Already, the numbers are humming with promise. Over 2.47 lakh families have been adopted by 25,678 Margadarsis across 26 districts. That’s not just statistics; that’s a quarter of a million lives touched by someone who cares. From Visakhapatnam to Kurnool, from the rice fields of East Godavari to the tech towers of Amaravati, P4 is spreading like a monsoon breeze.
But let’s pause and ask: is this too good to be true? Can a state, battered by years of political tug-of-war and economic strain, really pull this off?
Chandrababu Naidu, with his trademark spectacles and tireless energy, believes it can. He’s no stranger to big ideas. In the 1990s, his Janmabhoomi movement brought people and government together to build roads, schools, and dreams. P4 feels like its heir—a sharper, tech-savvy version for a new Andhra. Naidu calls it “an ecosystem of empowerment,” where the government’s job is not to control but to connect. “We won’t offer funds,” he says. “We’ll build the platform, and society will take charge.”
There’s something refreshing in that. For too long, we’ve looked to Delhi or state capitals for solutions, as if poverty is a puzzle only bureaucrats can solve. P4 flips that script. It says: you, the teacher, the businessman, the NRI sipping coffee in New York—you have a role. It’s a call to the heart, not just the wallet. And Naidu is doubling down. On July 18, in the gleaming new capital of Amaravati, he’s hosting 200 top influencers—corporate honchos, real estate tycoons, even film stars—for a special dinner. He’ll lay out P4’s roadmap and ask them to join the movement. Imagine that: a Chief Minister dining with the elite, not for photo-ops, but to nudge them toward a cause bigger than themselves.

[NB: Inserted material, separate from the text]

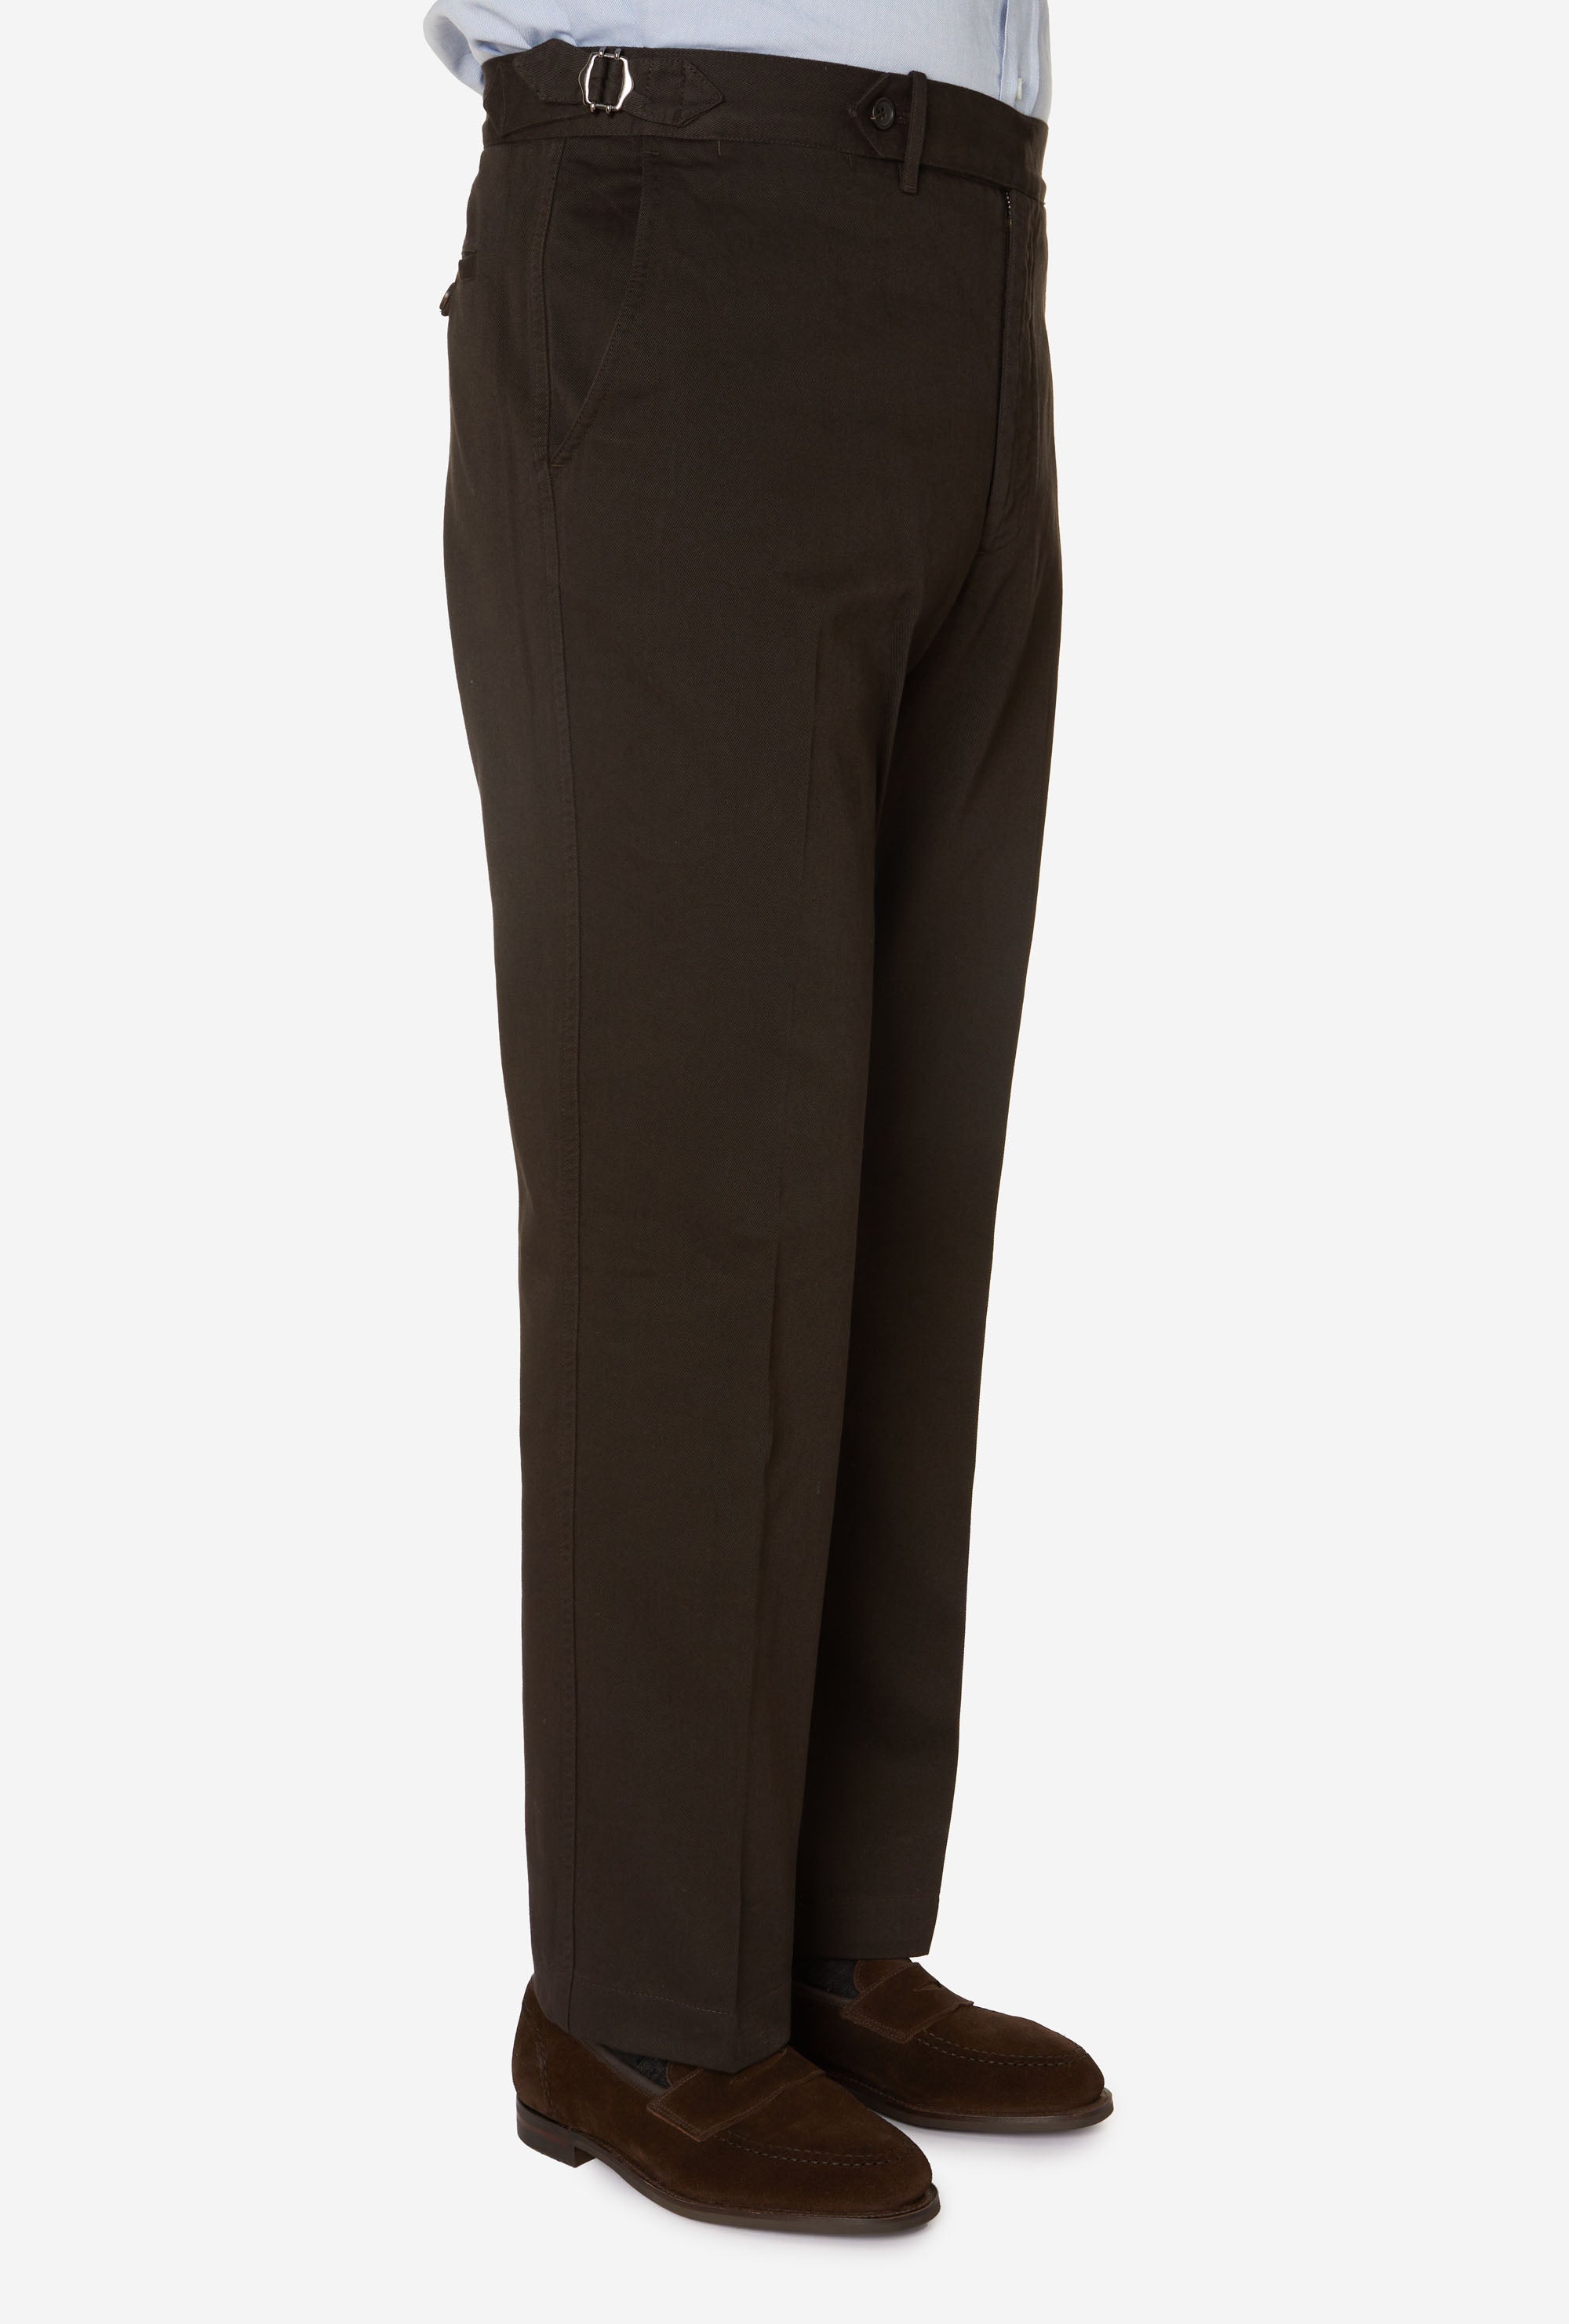 Garment Dyed Flat Front Cotton Trouser Brown

Yet, questions linger. Can a voluntary model scale up to erase poverty by 2029, as Naidu dreams? Will the privileged really step up, or will P4 remain a feel-good story for the few? And what about accountability? The government has tied up with NGOs and built an online dashboard to track every donation and outcome. Gram Sabhas and Ward Sabhas decide who gets help, keeping politicians at bay. But human nature is tricky—favoritism, apathy, or fatigue could creep in. Naidu, chairing the P4 society with Deputy CM Pawan Kalyan as vice-chair, will need to keep the machine well-oiled.
We think of a woman we met in Anantapur, Sarojamma, whose husband died leaving her with three children and no land. A Margadarsi, a local shopkeeper, adopted her family through P4. He helped her start a small vegetable stall, paid for her eldest daughter’s tailoring course, and checks in every week. Sarojamma’s eyes lit up when she spoke of her daughter’s first stitched blouse. “This is not just money,” she said. “This is someone believing in us.”
That’s what P4 is betting on: belief. Belief that poverty isn’t just a number but a story that can change. Belief that a state of 5 crore people can act like a family. Naidu’s vision is audacious, but it’s not impossible. If 25,678 Margadarsi can adopt 2.47 lakh families in months, what could a million Margadarsi do? What could a movement do?